Note: assume both file paths, directory and output_filename, are relative to the working directory of the code. Do not use os.chdir or any other method to change the current working directory. Your code does not have to handle issues with the directory or output_filename – if they are not valid, it is fine for the function to crash.
You have been provided with sample input in the form of a folder of CSV files (zipped for convenience), csvdir.zip, and task2_out.csv which is the sample output your code should produce from these input files. As part of the challenge of this task, you will need to consider create your own test cases to make sure your function meets all of the requirements above.
Creating simple HTML pages
Suppose we want to create some very basic static HTML pages from data in CSV files.
Assume the CSV files are in a folder called htmlplots. In this folder is a file called index.txt
that lists the CSV files that should be turned into HTML pages. Write a function called make_html_files()

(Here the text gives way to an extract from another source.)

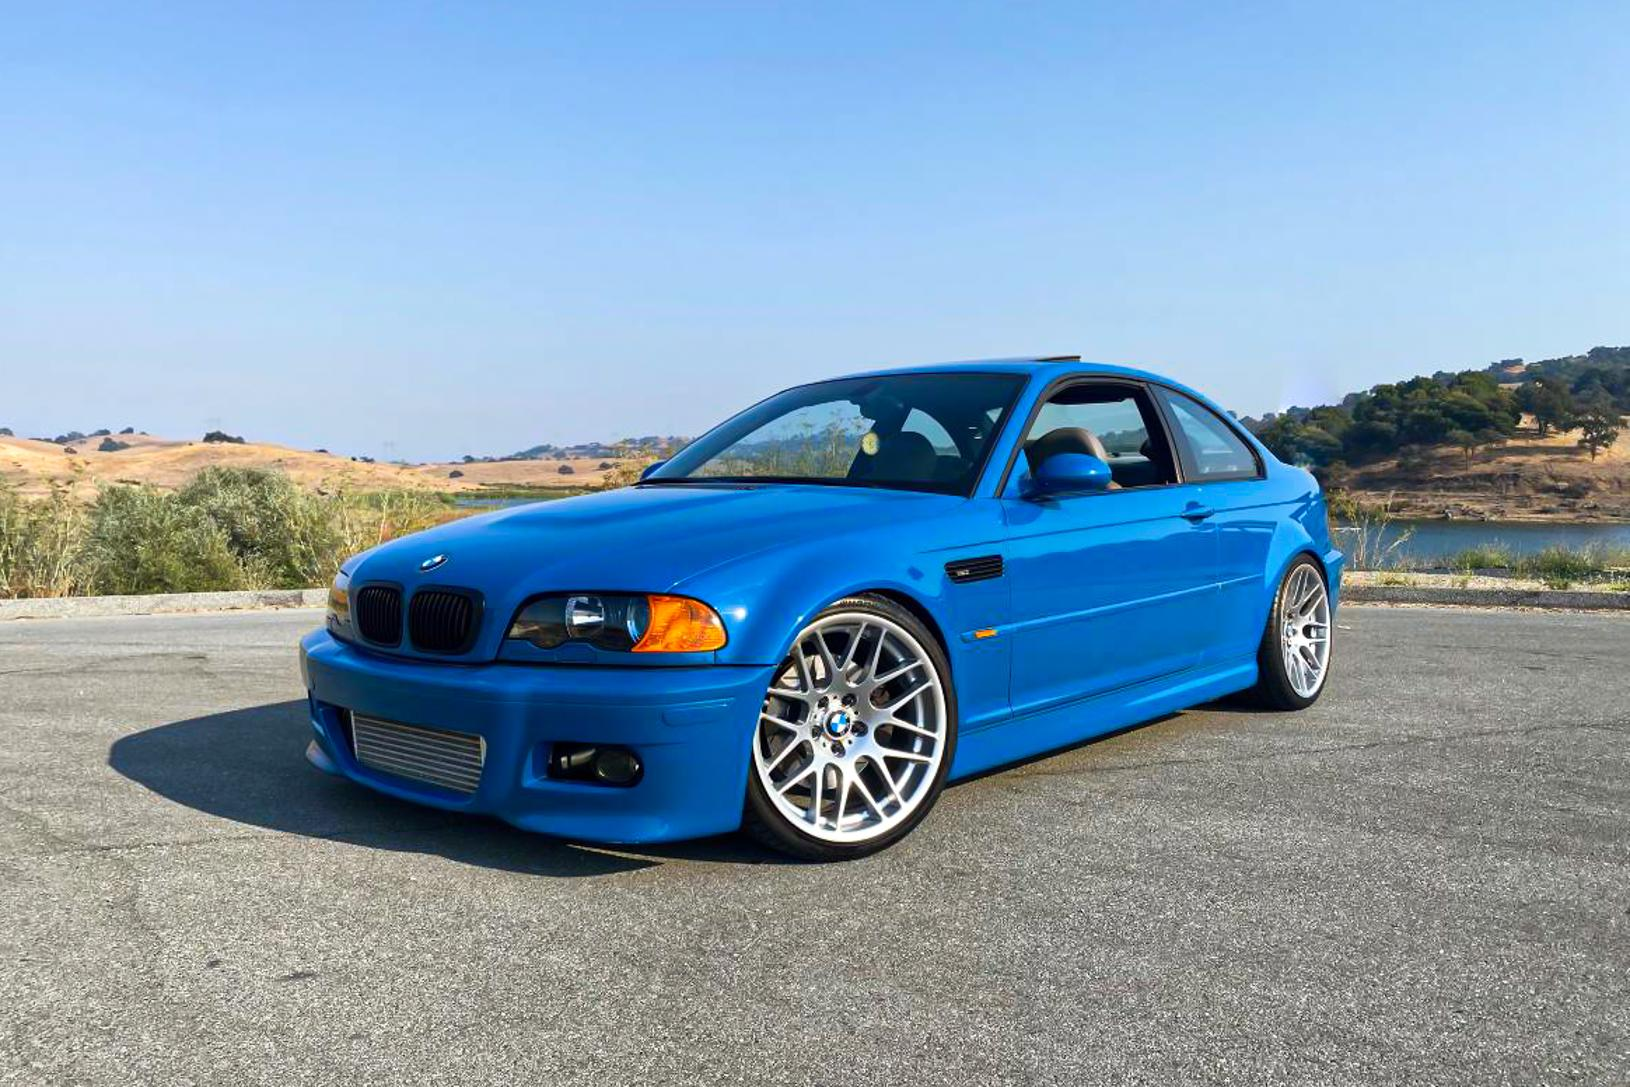 2001 BMW M3 'Turbo'

For each of these files create an HTML file (.html) that contains:
- A header with the name of the dataset (CSV filename with .csv removed)
- A link to the previous HTML file (unless this is the first)
- A link to the next HTML file (unless this is the last)
- The data in table format (pandas has a function that will help)
- A PNG image of a line plot of the data (matplotlib can save plots to a file)
All the HTML files and corresponding PNG images should be saved in the htmlplots folder. The pages should be linked in the order the CSV files appear in index.txt.
An HTML file is just a text file with particular content. Use the HTML files in the sample output as a starting point, but you may ‘upgrade’ your HTML to something more advanced as long as it provides the same required functionality.